Funding bid submitted for ‘transformational’ projects

Clare Hayward, chair of Cheshire and Warrington LEP

Cheshire and Warrington Local Enterprise Partnership (LEP) has submitted a number of diverse and ambitious projects to the Government for funding through its Comprehensive Spending Review.

It seeks to position the sub-region at the heart of the UK’s low carbon revolution and leading the way in efforts to “level-up” the economy.

The submission identifies a programme of investment of around £100m per year over the next four years that will put Cheshire and Warrington and the UK at the forefront of the world’s fight against both climate change and disease, and ensure that everyone in the sub-region has access to the training they need if they are to find new jobs post-the Covid-19 pandemic.

The Cheshire and Warrington economy has doubled in size over the last 20 years to a GVA, pre-Covid, of almost £32.5bn and has the potential to double again over the next 20 years.

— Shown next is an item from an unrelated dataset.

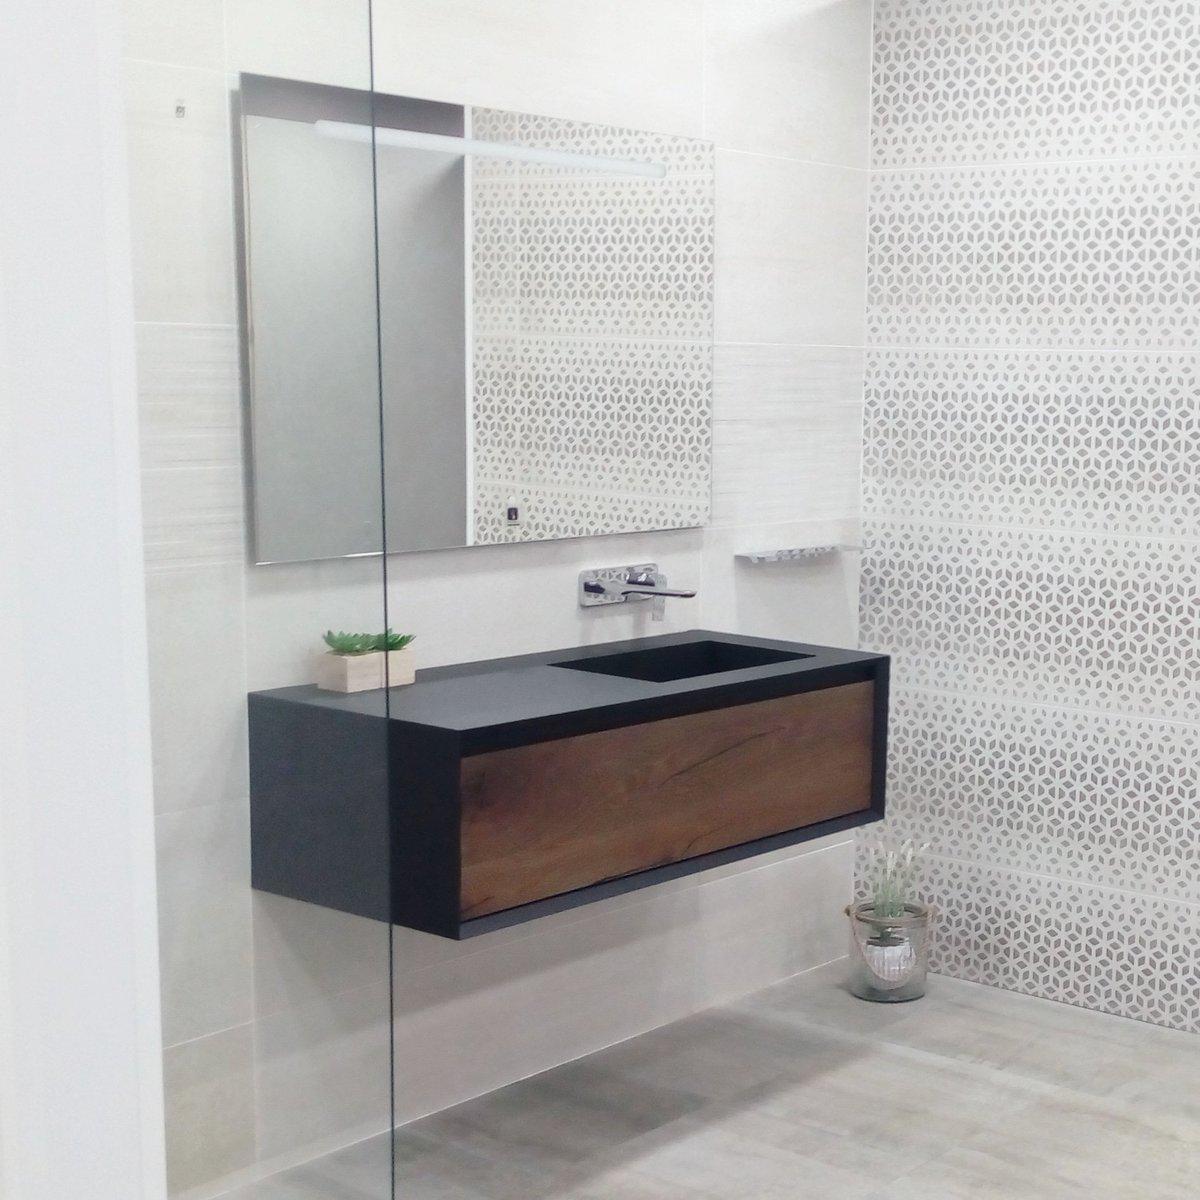 Mobili bagno stocco mobile lavabo sospeso in quercia in - Mobili bagno stocco ...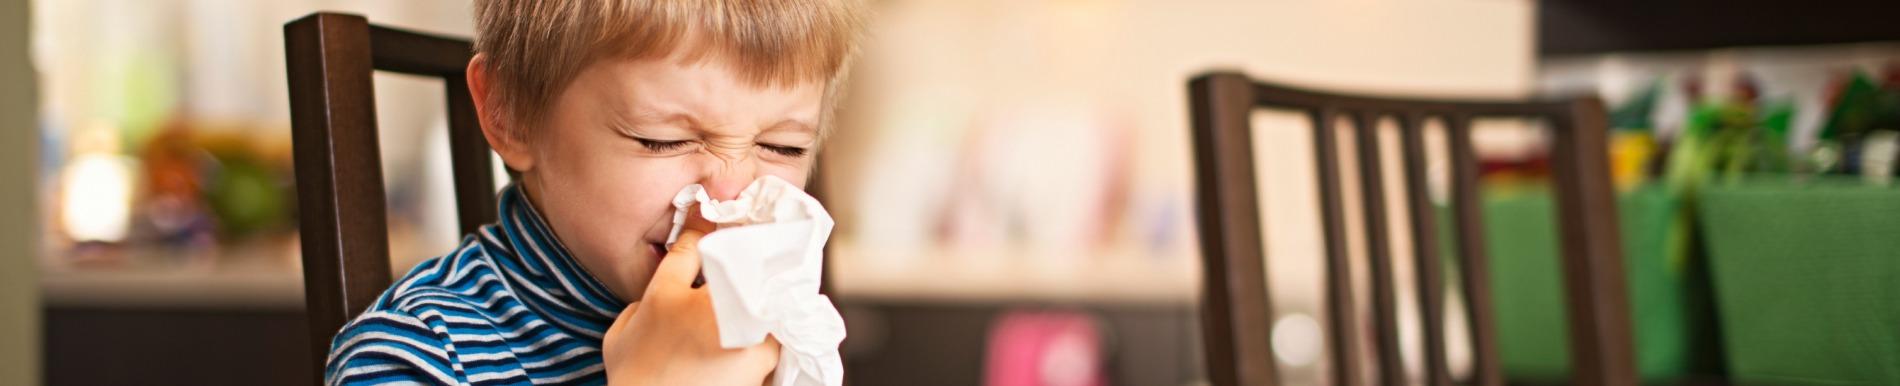 https://www.healthychildren.org/SiteCollectionImage-Homepage-Banners/boy_table_sneeze_banner.jpg

Clare Hayward MBE, chair of the Cheshire and Warrington LEP, said: “These exciting projects have the potential to transform our sub-region and the wider North West, creating high-skilled jobs and opportunities for all.”

The projects in the CSR submission submitted to the Government include life sciences, low carbon energy and logistics – where Cheshire and Warrington have existing strengths and potential for further transformational growth.

Hayward added: “Cheshire and Warrington is ready to play a leading role in the post-Covid-19 recovery plan – we have the knowledge, the skills and the assets waiting be unleashed. We’ve all have seen how the economic landscape has been changed this year, and while challenges remain, we are have set out a positive vision for the future, and we look forward to engaging with our partners in central Government to take forward our proposals.”

The submission includes accelerating plans for an Energy Innovation District around Ellesmere Port’s industrial cluster, which would become a world-leading centre of low carbon energy, driving economic growth and also significantly reducing the region’s carbon emissions.

One specific project is Hynet North West, a hydrogen energy and Carbon Capture, Usage and Storage project which is aiming to reduce carbon emissions from industry.

Hynet has the potential to create £17bn Gross Value Added for the North West economy with 5,000 North West jobs created to 2025 and many more beyond, whilst also delivering more than 1m tonnes of carbon dioxide savings per annum.

The LEP is seeking a contribution of £200m out of the £800m pledged by Government for capital funding to Carbon Capture Usage and Storage projects.

The LEP is also seeking to maximise Cheshire’s strengths in life sciences by working with the Government-funded Medicines Discovery Catapult based at the Alderley Park campus to create a Catapult Quarter and a new £40m National Translational Technology Development Centre. These schemes would exploit the area’s critical mass of expertise and infrastructure in diagnostics and the development and commercialisation of novel complex medicines.

It is also seeking funding to enable it to contribute £10m towards a new £50m fund for Greater Manchester and Cheshire to enable continued support for early stage life sciences companies.

The original £31m Cheshire and Greater Manchester Life Science Fund raised in 2015-16, to which the LEP invested £10m of Local Growth Funding is nearly fully invested, and the new fund would meet high demand for more early-stage funding for the sector.

A third pillar of the submission seeks Government support to enable Cheshire and Warrington to exploit the opportunities of the arrival of HS2 services at Crewe and Northern Powerhouse Rail at Warrington.

A key proposal is to create a High-Speed Growth Corridor that runs from Crewe to Warrington.

The HS2 Growth Corridor has the potential to deliver 6m sq ft of new office space, 9,000 new jobs and in excess of £280m of investment.

The Growth Corridor will bring together key strategic employment sites, housing growth areas and town centre regeneration programmes in the towns of Crewe, Middlewich, Winsford, Northwich and Warrington. It will build on traditional strengths in high value manufacturing, engineering and logistics as well as growing financial and professional services in Crewe and Warrington.

In addition, to allow the LEP continue its support to re-train and upskill employee, and helping the unemployed back into work, Cheshire and Warrington is looking for Government funding of £30m per year of revenue to enable us to provide a highly trained workforce.